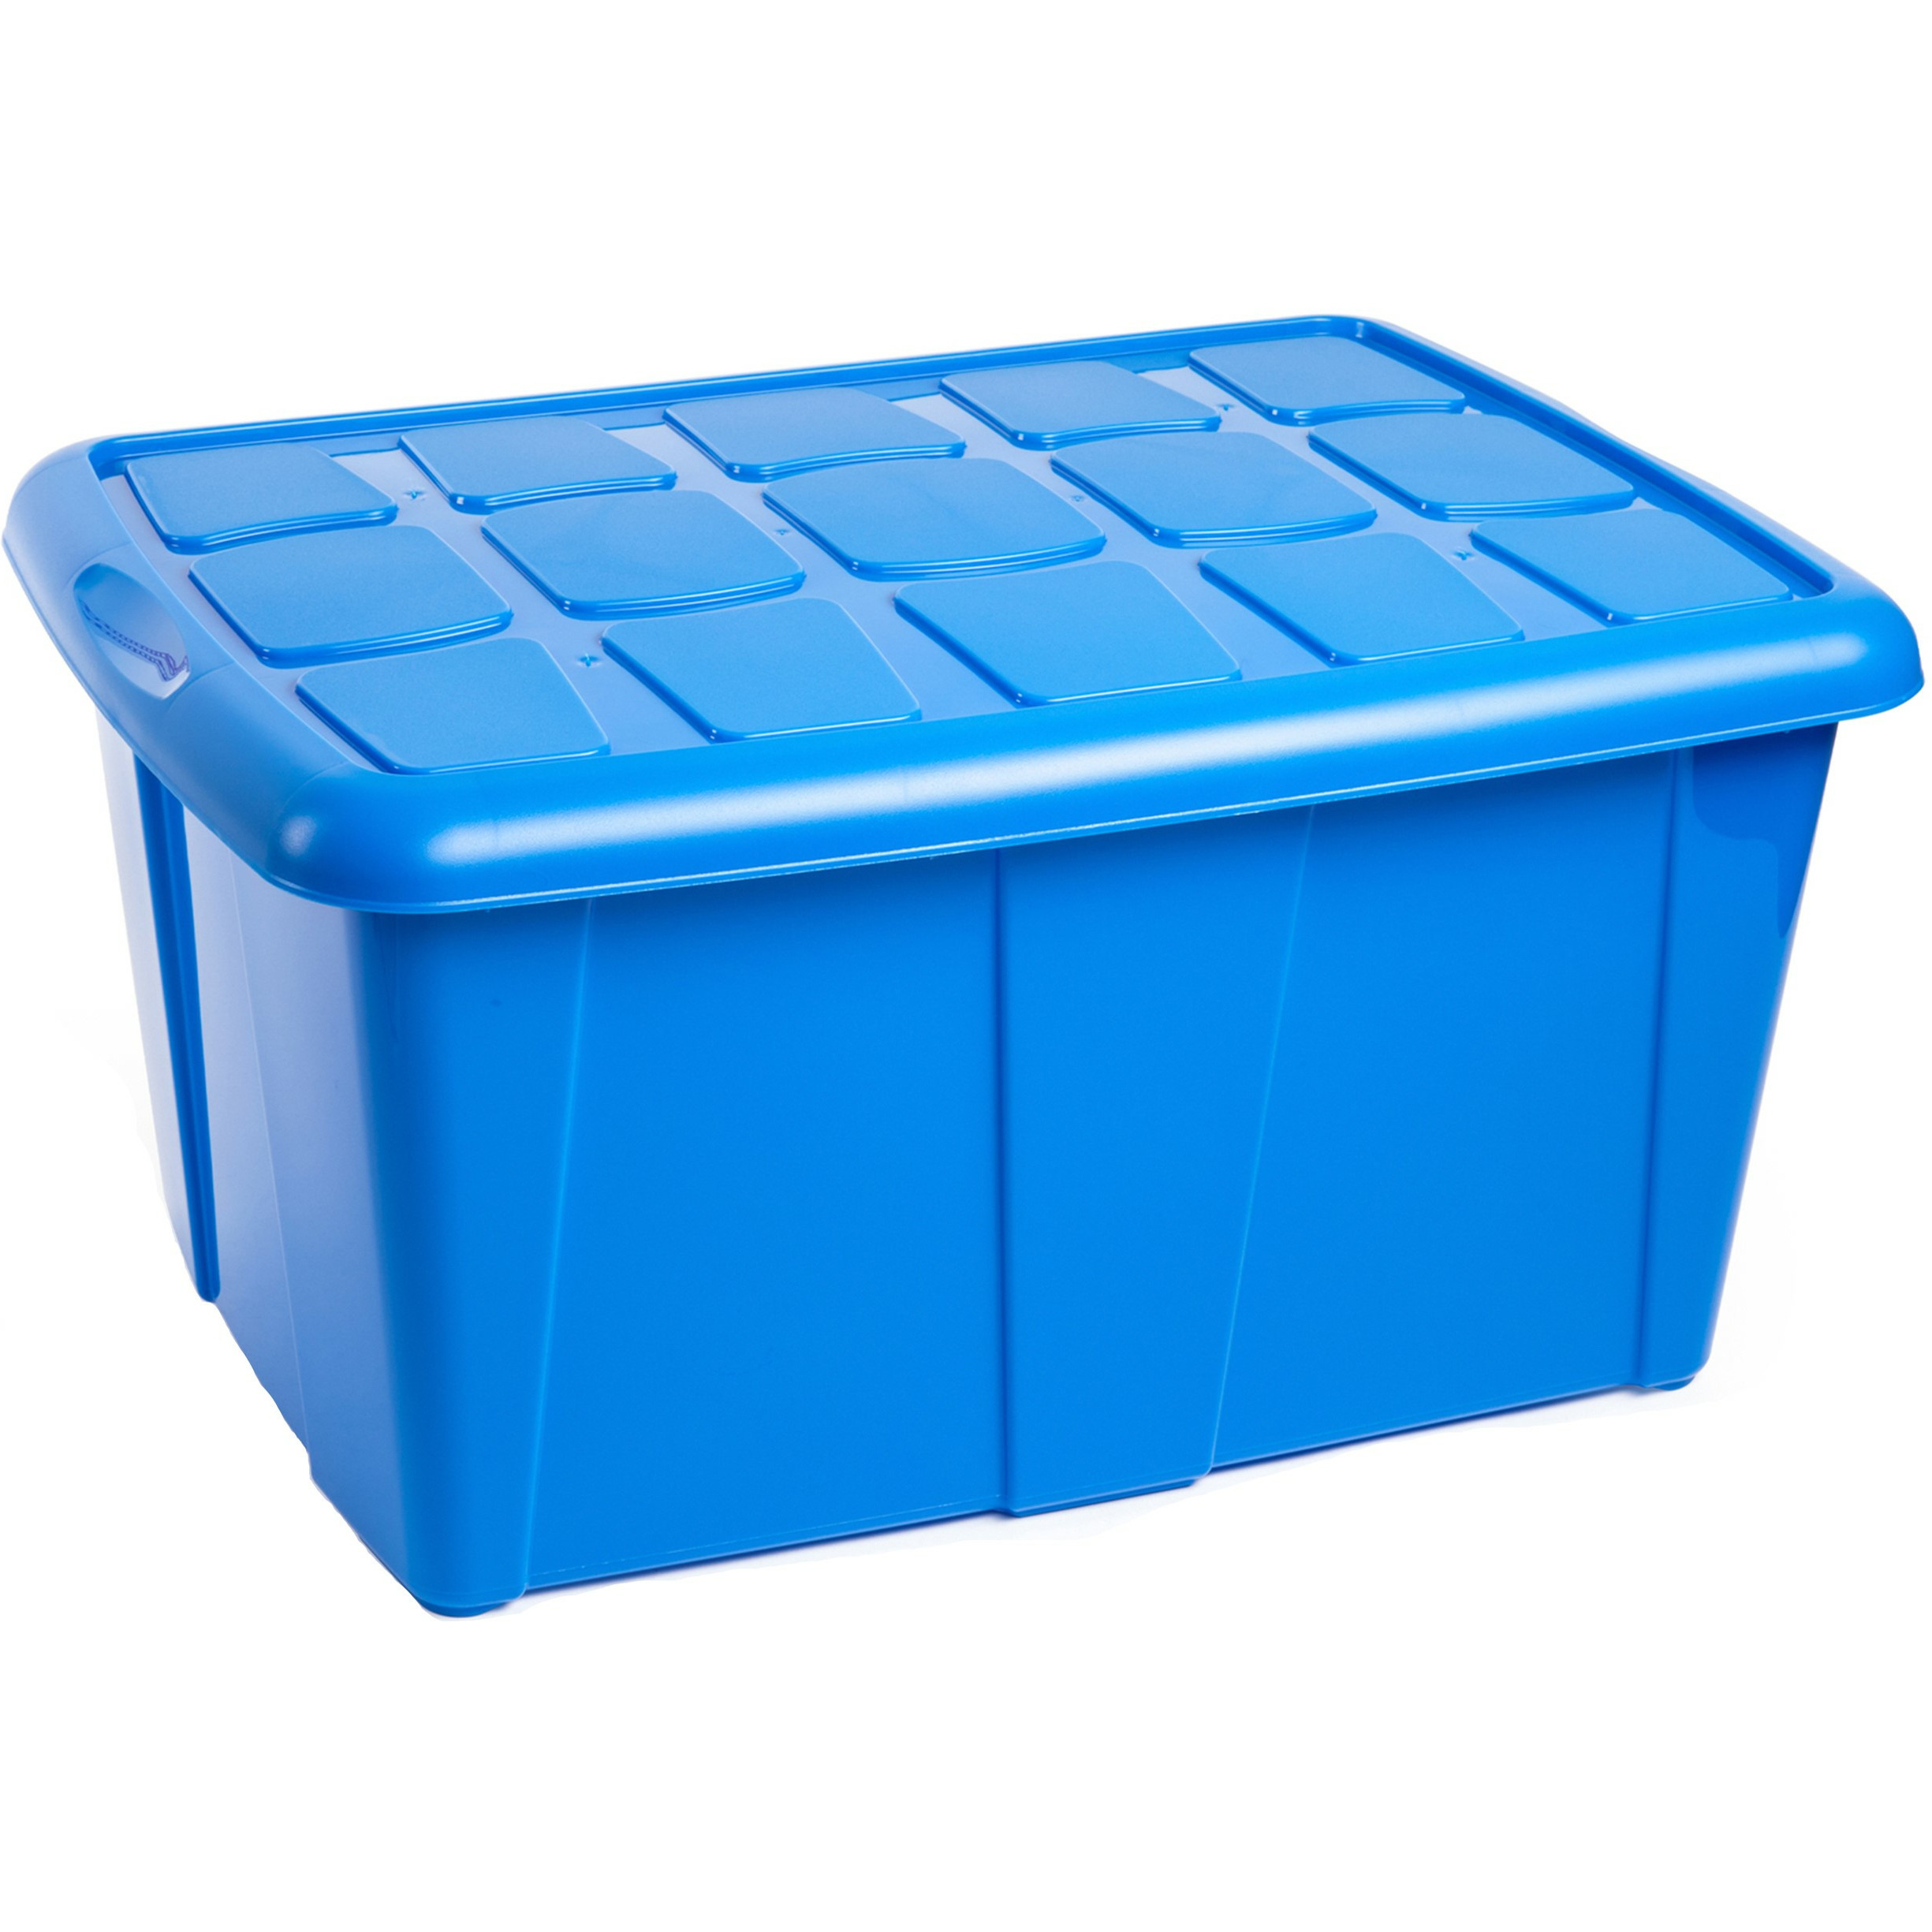 Opslagbox kist van 60 liter met deksel Blauw kunststof 63 x 46 x 32 cm
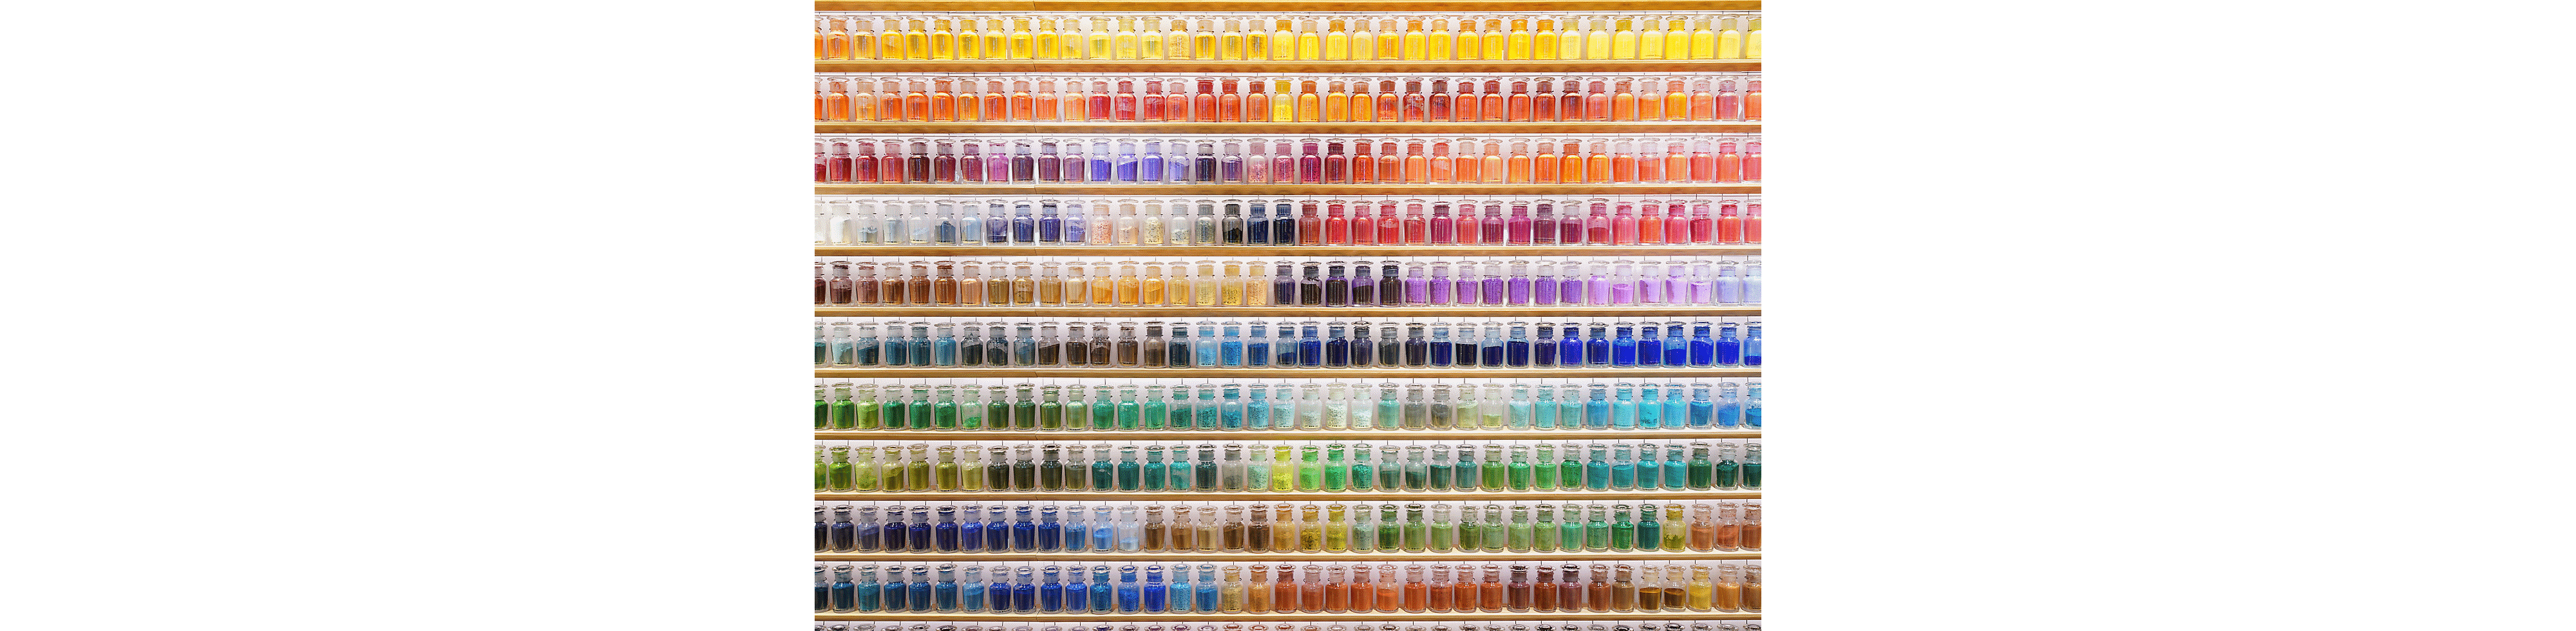 Beispielbild einer Wand voller bunter Flaschen
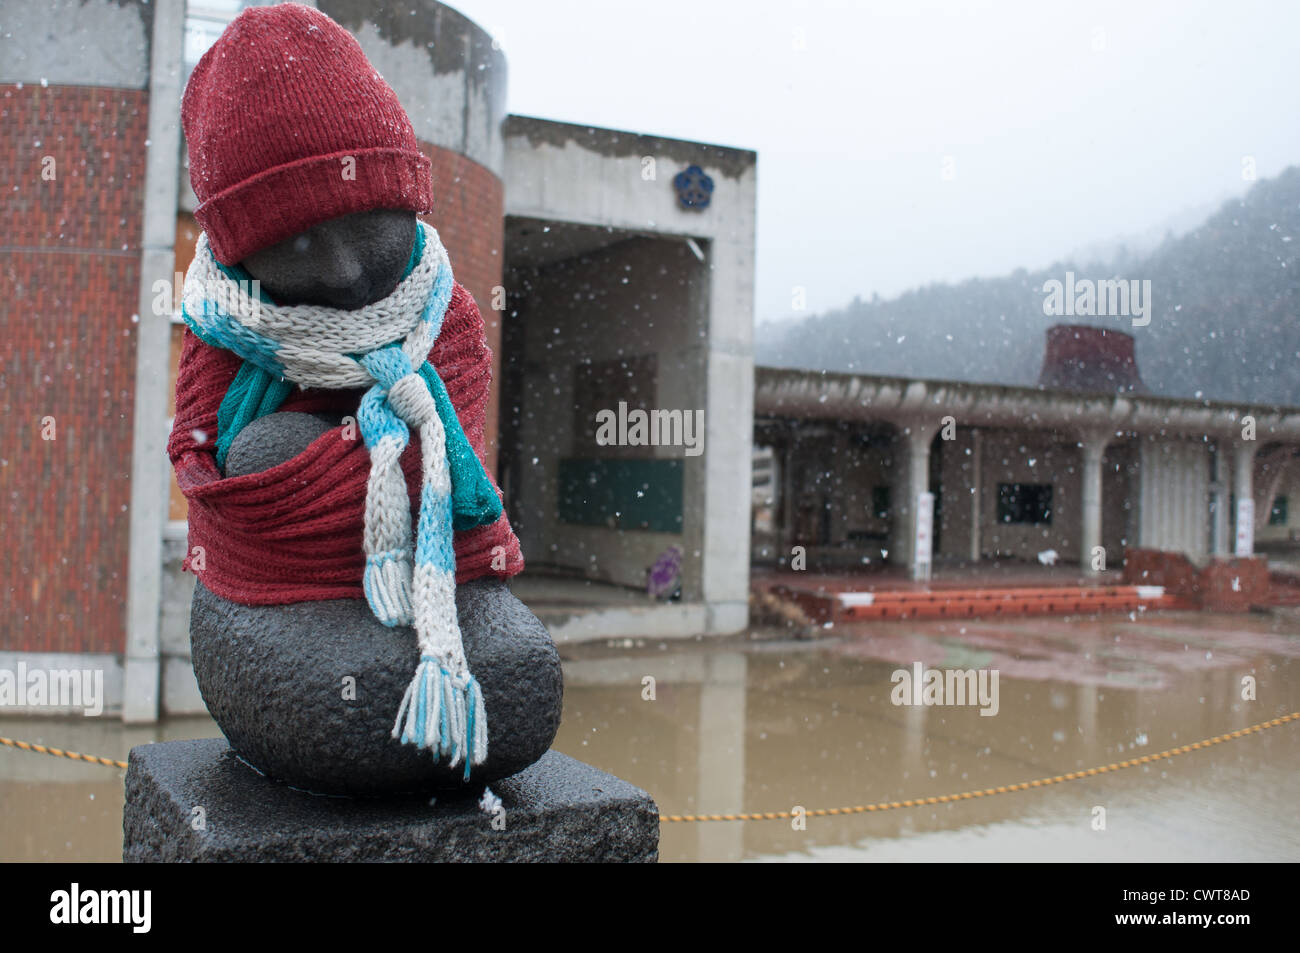 Le Japon un an après la catastrophe. Une école à ishinomaki, où plusieurs étudiants ont été tués par le tsunami. Banque D'Images

* * *

_HOW TO COMPLETE THIS TASK_.
Reproduce, exactly and without pictures, the lines above from the one containing "Beispielbild einer Wand" through the last line of the material, both ends included, and nothing more.

_OUTPUT FOR THIS EXERCISE_.
 Beispielbild einer Wand voller bunter Flaschen
 Le Japon un an après la catastrophe. Une école à ishinomaki, où plusieurs étudiants ont été tués par le tsunami. Banque D'Images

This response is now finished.